Our study was conducted on the 189 ha Nucleus Estate Farm at Brikama in the Western Division of Gambia. The research used the African honeybee Apis mellifera adansonii which although small is one of the most easy to swarm and hostile members of the bee family!

Using five hives each with eleven standard frames, queenless colonies were brushed into the hives at night. The hives were transported to their permanent sites. Frames containing one day old eggs were taken from existing queenright colonies and exchanged for one in each of the five hives. The queenless colonies were fed with sugar syrup to cut down their aggressiveness and swarming tendency and to aid the colonies in rearing their own queens in a relatively short time from the newly-laid eggs in the cells of the exchanged frames.

For the sugar syrup feed, a five litre plastic bucket with a flat-top indented cover (to provide a bee space) was used. Pin holes were punched in the covers, then the containers were filled with sugar syrup (sugar 1 : water 1) and inverted over the frames. The sugar syrup was prepared by heating 10 cups of clean water to about 80°C and then dissolving in this 10 cups of granulated sugar. The syrup was allowed to cool to 25-30°C and then fed to the bees. The sugar syrup is sucked by the bees through the pin-holes.

The exchanged frames in each of the hives were observed for queen cells, queen emergence, empty queen cells and absconding tendency 13, 14, 15 and 16 days after exchange and subsequently.

Results and discussions

The observation on the 13th day after exchange showed no sign of queen emergence or absconding in four of the hives. This may be due to the fact that the reared queens were still immature. Honeybees in Europe and America have queen emergence periods of about 16 days after the eggs were laid. Only the colony in the 5th hive absconded. This relatively low rate of absconding could be due to the feeding with sugar syrup.

Between the 14th and 15th day after exchange, it was observed that empty queen cells were present on the exchanged frames in hives of the four remaining colonies. That was evidence that queens emerged between the 14th and 15th day after the exchange.

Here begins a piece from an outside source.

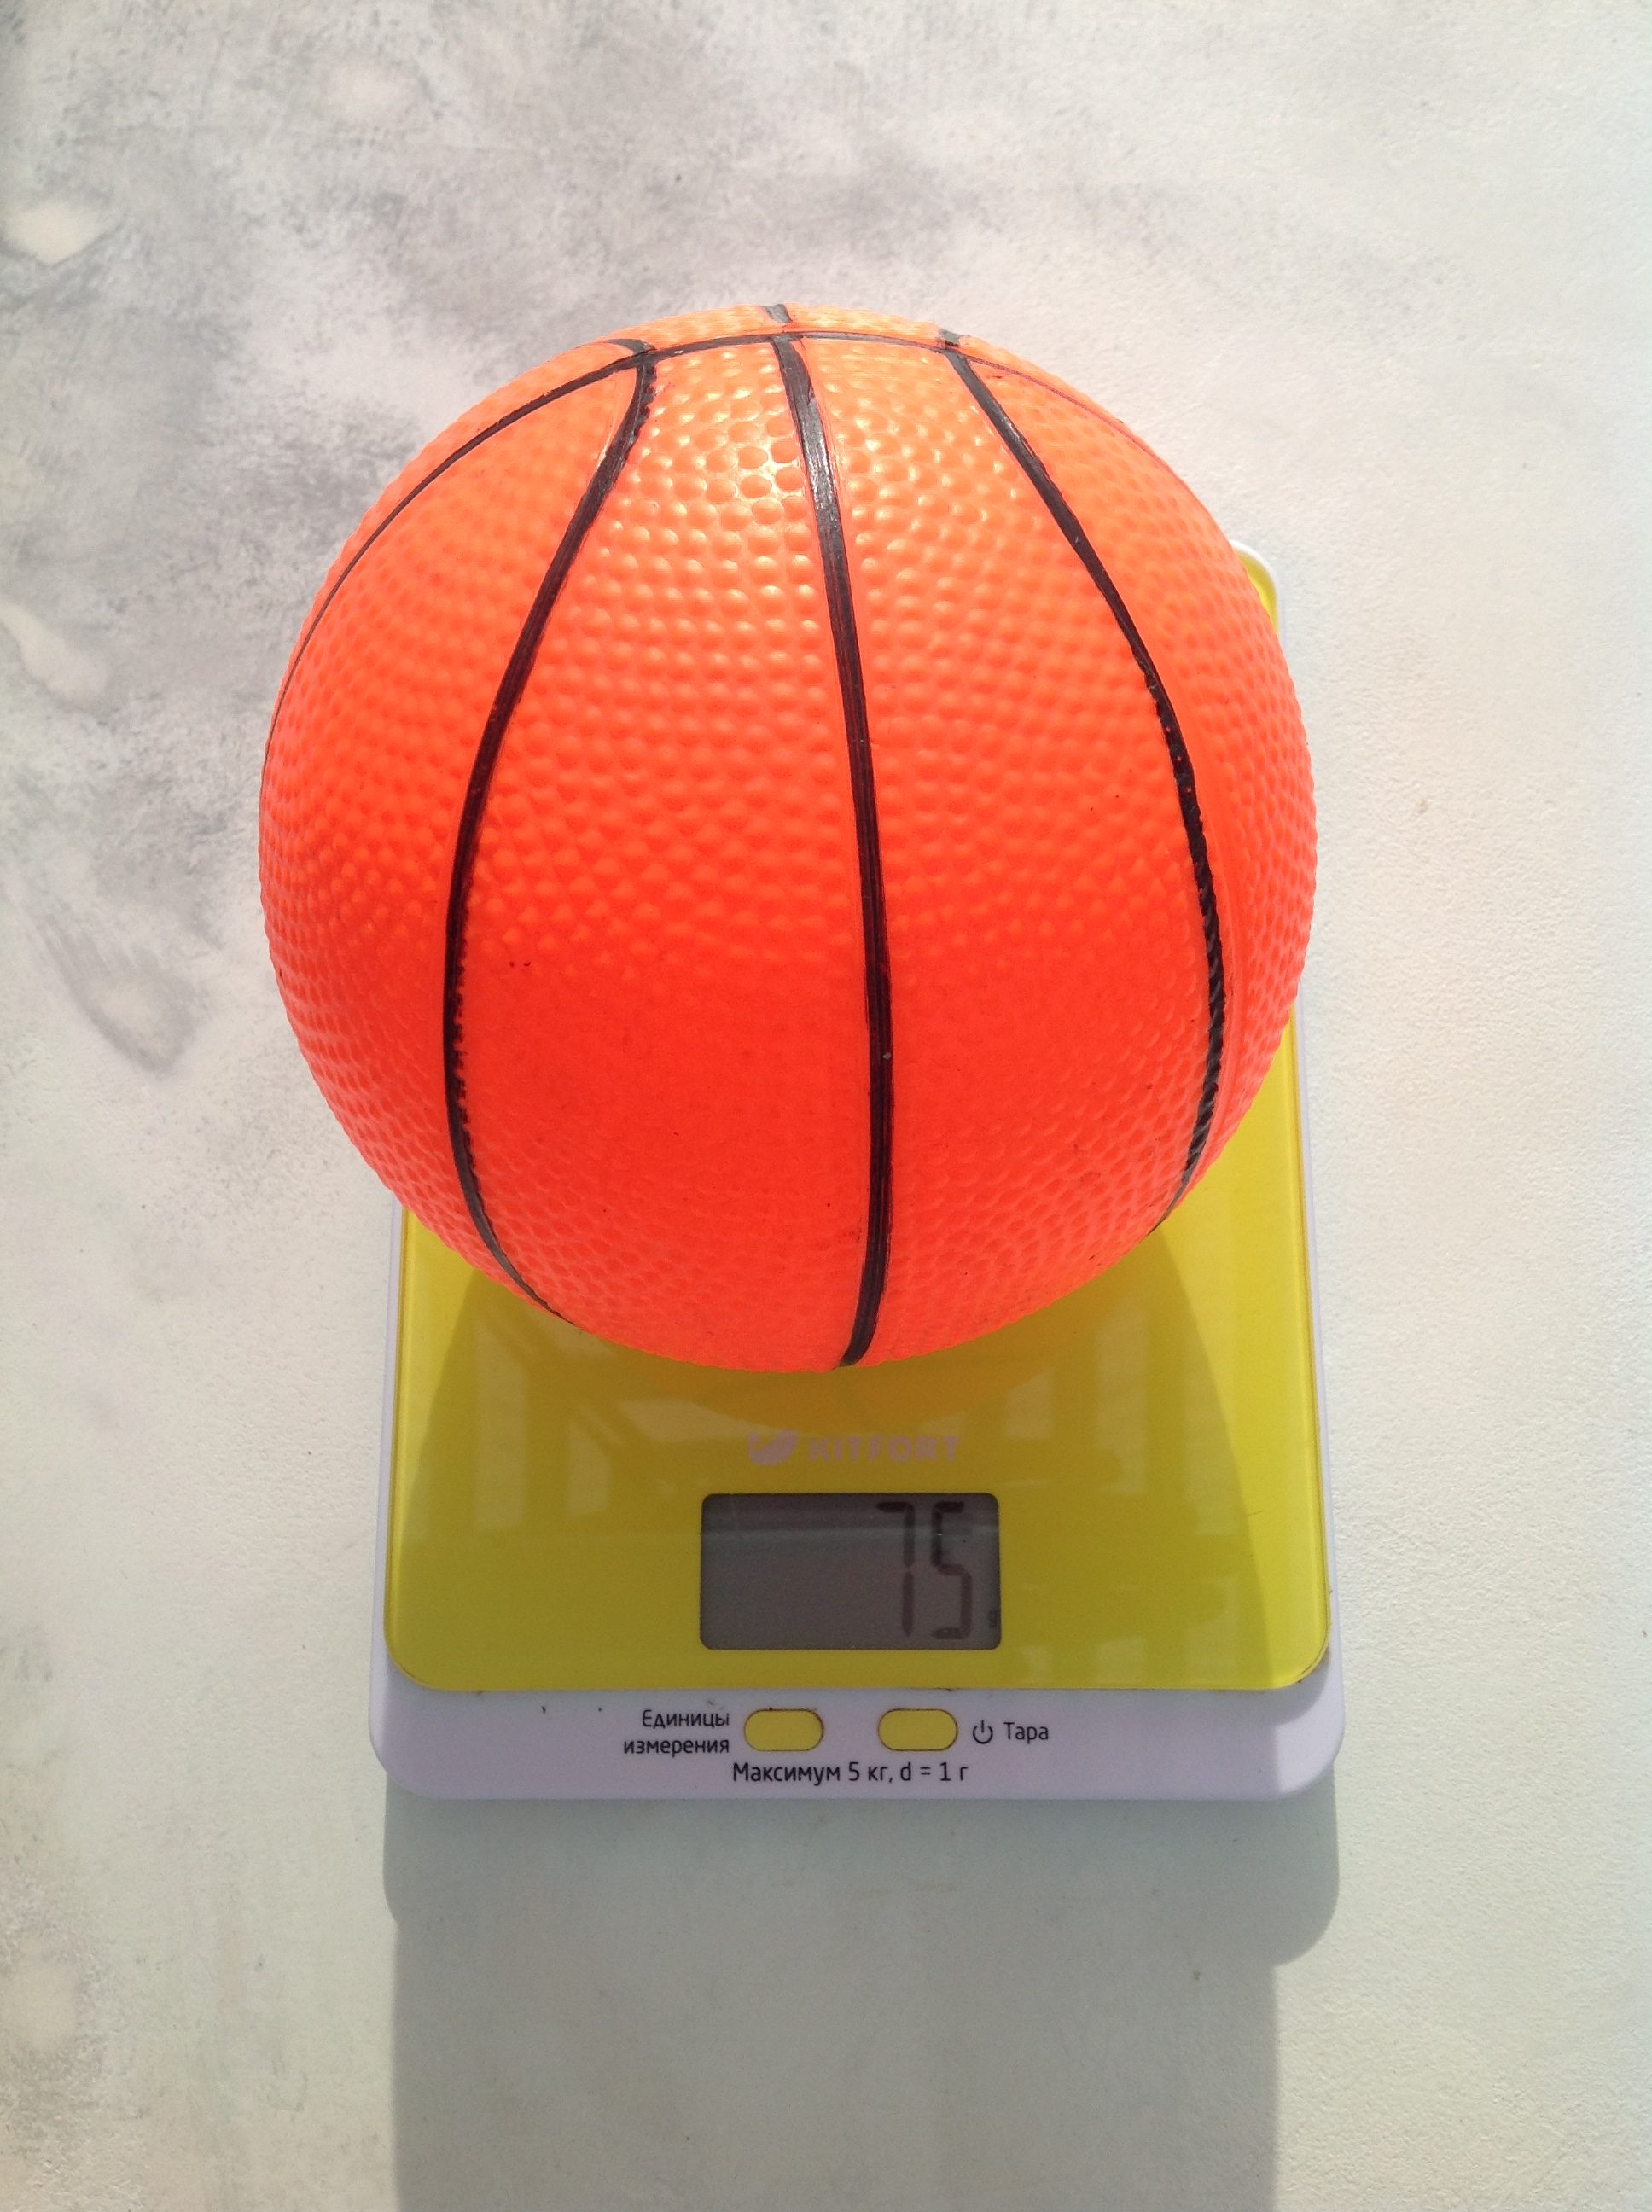 Berapa berat bola basket anak?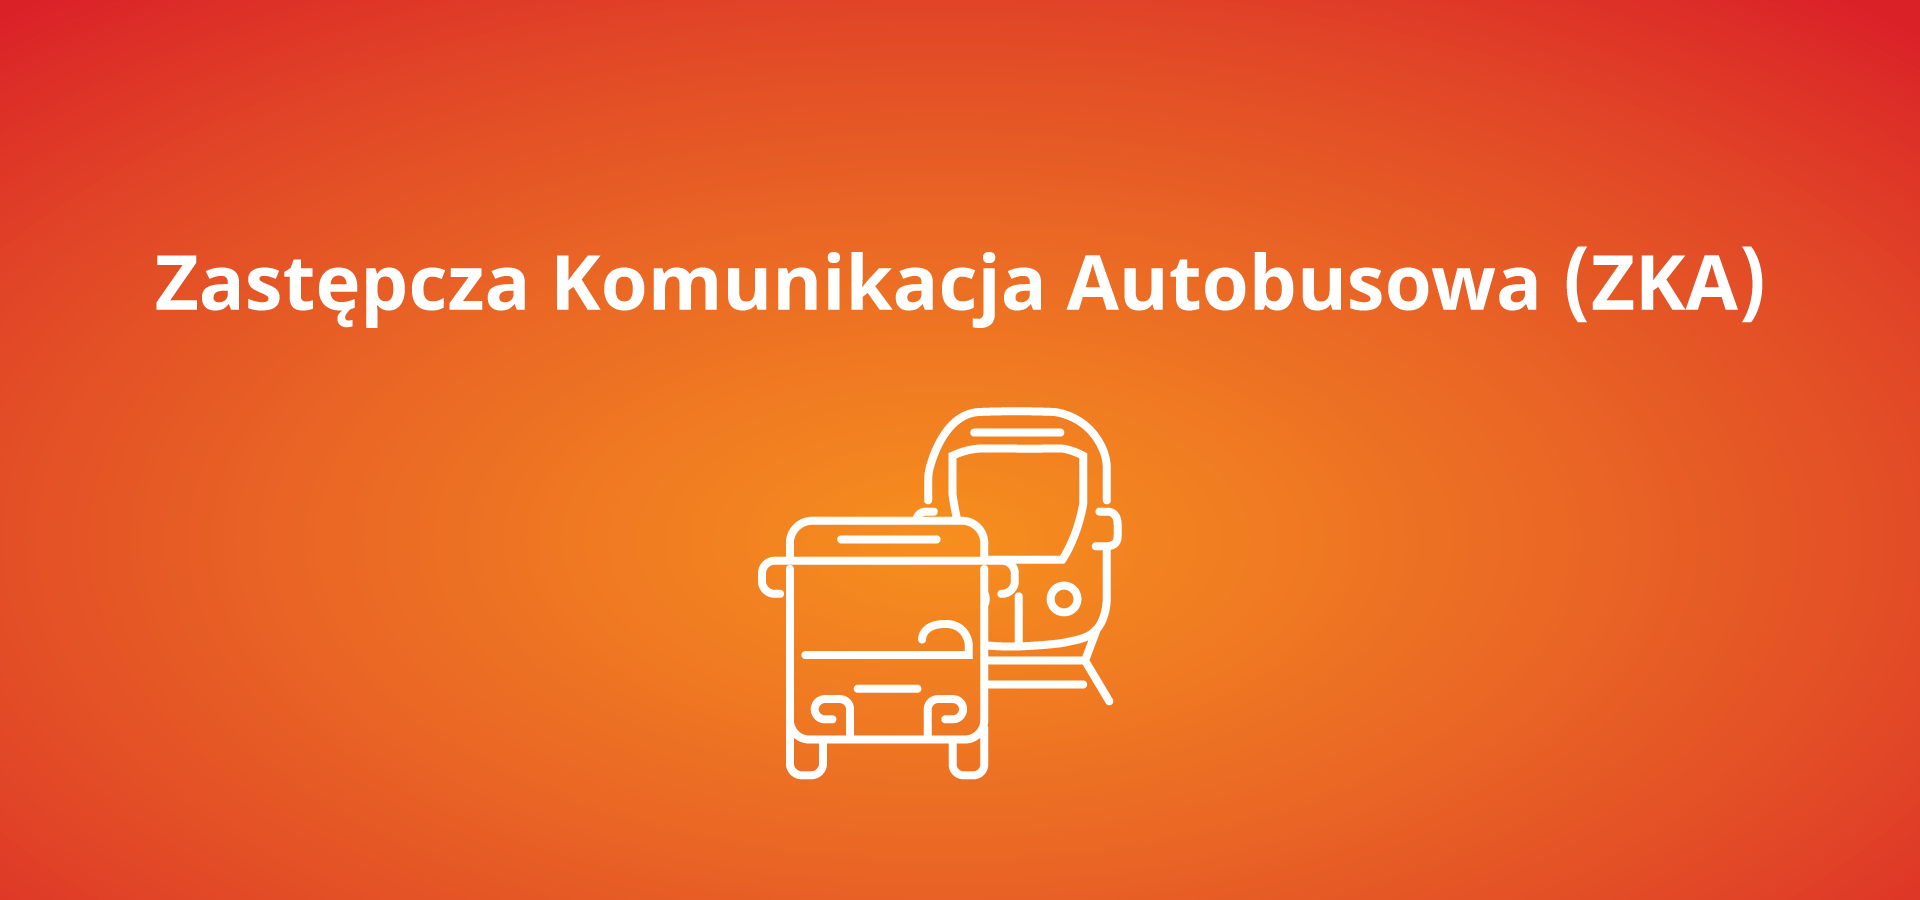 Autobusowa Komunikacja Zastępcza Skarżysko-Kamienna – Końskie - Opoczno – Tomaszów Mazowiecki

Efforts were made to trap the newly emerged queens in each of the hives but there was no success probably because the colonies were large and these African bees are very sensitive to external disturbances. To this end, they may easily protect or hide their newly emerged queens whenever there is potential danger.

Conclusions and recommendations

It can be reliably concluded from this study that natural queen rearing can be enhanced in African honeybees using the manipulative management feeding technique under Gambian conditions. A further conclusion is that the chance of absconding during natural queen rearing is much reduced when feed is provided.

We recommend that African beekeepers utilize the feeding technique to enhance natural queen rearing. There are many benefits to be derived. African farmers generally have low investment in their operations and this method needs very little expenditure.

Our method of queen rearing is worth trying as it requires simple basic knowledge, does not take much time, and the farmer does not have to depend on the supply of expensive artificially reared queens from distant places.